En cas d’étape de montagne ou de course contre la montre, la PME se permet de recourir à des adhésifs, plus faciles à retirer du bitume. Mais s’il s’agit de plat avec sprint final, l’adhésif ne possède pas l’abrasivité du macadam et le peloton lancé à 70 km heure risque de déraper. Mieux vaut opter pour la bonne vieille peinture. Que certains maires tiennent d’ailleurs à exhiber : l’Alpe Duez, fréquentée par beaucoup de cyclotouristes, fait la joie des amateurs photographiant ce souvenir sur goudron.

Du côté de l'usine
Tout se fabrique à Avelin, où la production destinée au Tour commence début mai. Banderoles, kakémonos, parties adhésives, pochoirs pour peintures sont imprimés sur des rotatives géantes. Concrètement, 7-8 machines d’impression sur textile, une machine d’impression sur support souple et une machine destinées aux supports souples et rigides sont actionnées sur les bobines de bâche.

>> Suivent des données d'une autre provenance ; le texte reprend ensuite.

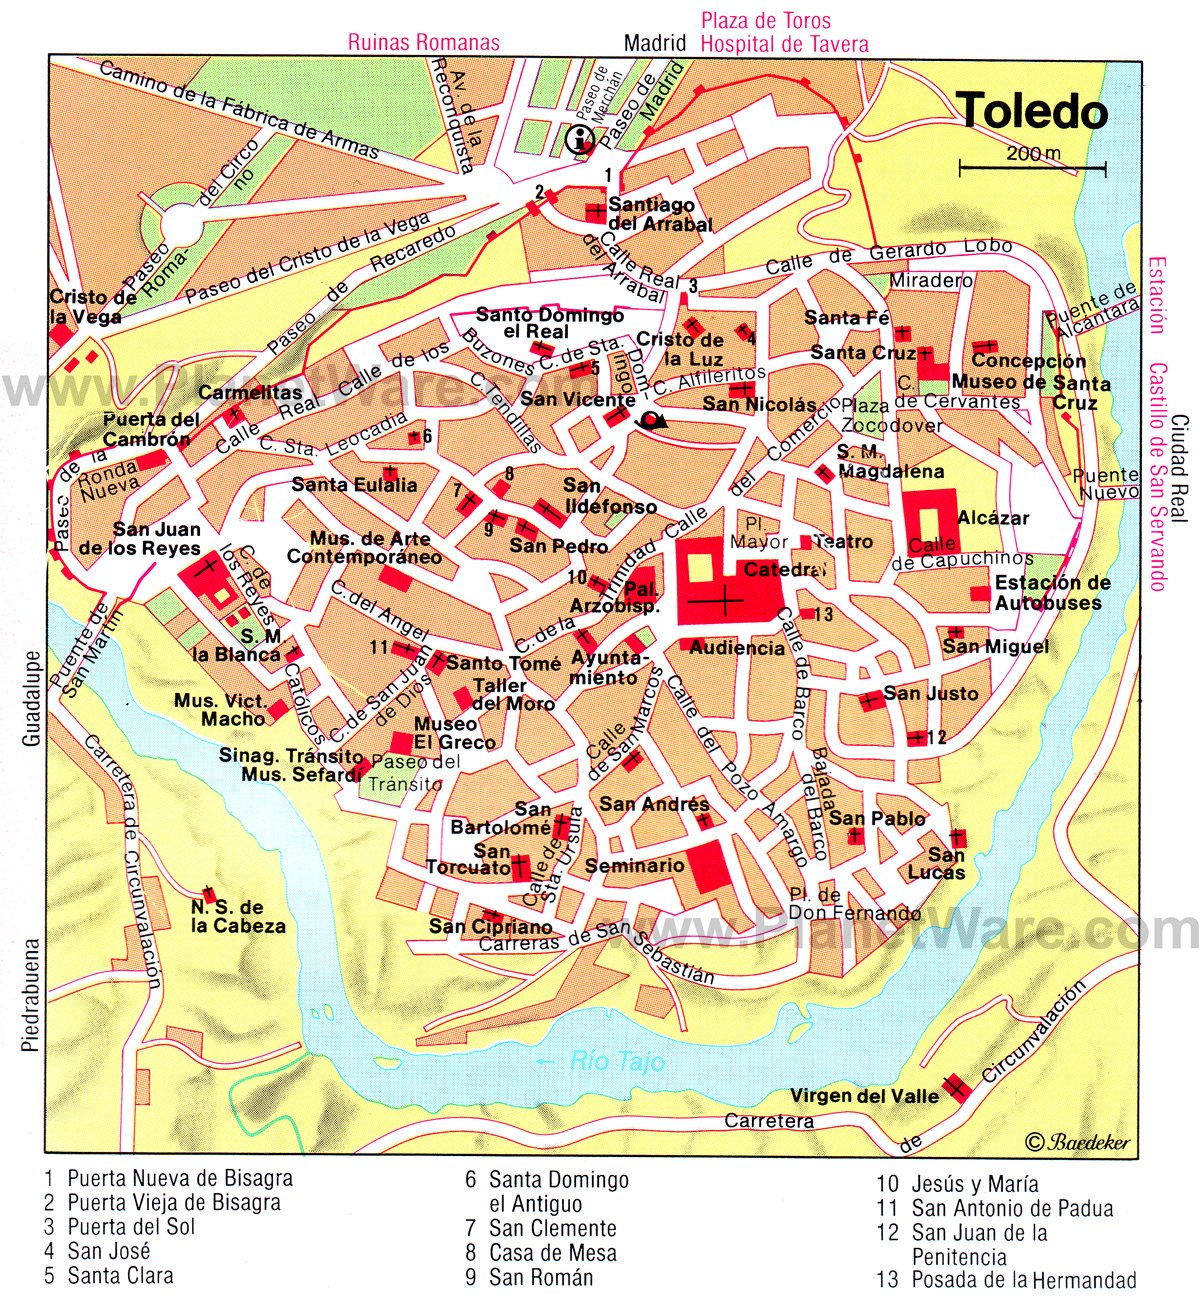 map of toledo spain

Reste à conditionner et livrer le tout, deux semaines avant le début du Tour.
Vers 8 heures du matin
Plus loin, tout au long des 450 mètres avant la ligne d’arrivée, il s'agit de poser les barrières ornées des banderoles siglées des marques partenaires, qui juguleront la foule. Au 10e, au 20e et au 30e kilomètre, ce sont les arches aux couleurs de Vittel, Carrefour et LCL qui sont installées. Les coureurs s’engouffreront dessous plusieurs heures plus tard.

Dans la zone d’arrivée, sous la houlette du directeur de site, des barrières hautes sont posées autour de la "zone technique", d’où émettent les camions radio et les télévisions. Doublet travaille depuis un an à la conception de barrières "repousse public" dotées d’arches, qui empêcheront toute main de percuter malencontreusement un coureur. Suite à la chute de Laurent Jalabert à Armentières d’ailleurs, les barrières ne laissent plus dépasser aucun panneau publicitaire. La réclame est directement intégrée à la clôture.

Vers 10h-11h du matin

Le soleil est déjà haut. "Le public arrive en masse, tout est sécurisé et clos de palissades", indique Philippe Marceau. L’équipe de Doublet peut souffler.

A midi
Le soleil au zénith, "on n’a plus rien à faire", décrit le Directeur Événementiel. Sa mission accomplie, l'équipe déjeune puis fait la sieste, pendant que la foule attend les coureurs.

L’après-midi
Les coureurs sont arrivés. Doublet est à nouveau sur le pont, "au cul du balai", selon l’expression consacrée. En effet, l’équipe dite "des derniers 30 kilomètres" démonte le dispositif juste derrière la voiture balai. Tout est nettoyé sauf la ligne d’arrivée, sur laquelle doit avoir lieu le "protocole" du jour. Afin de laisser passer les badauds qui s’agglutinent pour assister à la remise des prix, on ouvre les barrières .

Vers 20h-21h
C’est fini. L’équipe dine et prend la route pour se rendre à l’étape suivante, en s’assoupissant dans les cars couchettes. Une véritable communauté nomade : pas moins de 90 personnes, 16 petits véhicules et 3 bus sont mobilisés par Doublet sur le Tour. "On est totalement autonomes : on n’a besoin de rien ni personne", indique Philippe Marceau. Le convoi peut jeter l’ancre n’importe où, en montagne comme en centre-ville. "Au bout de trois semaines, on est content de rentrer et triste que cela s’arrête déjà", confie Philippe Marceau. La remontée vers Paris, à la fin du Tour, s’annonce euphorique.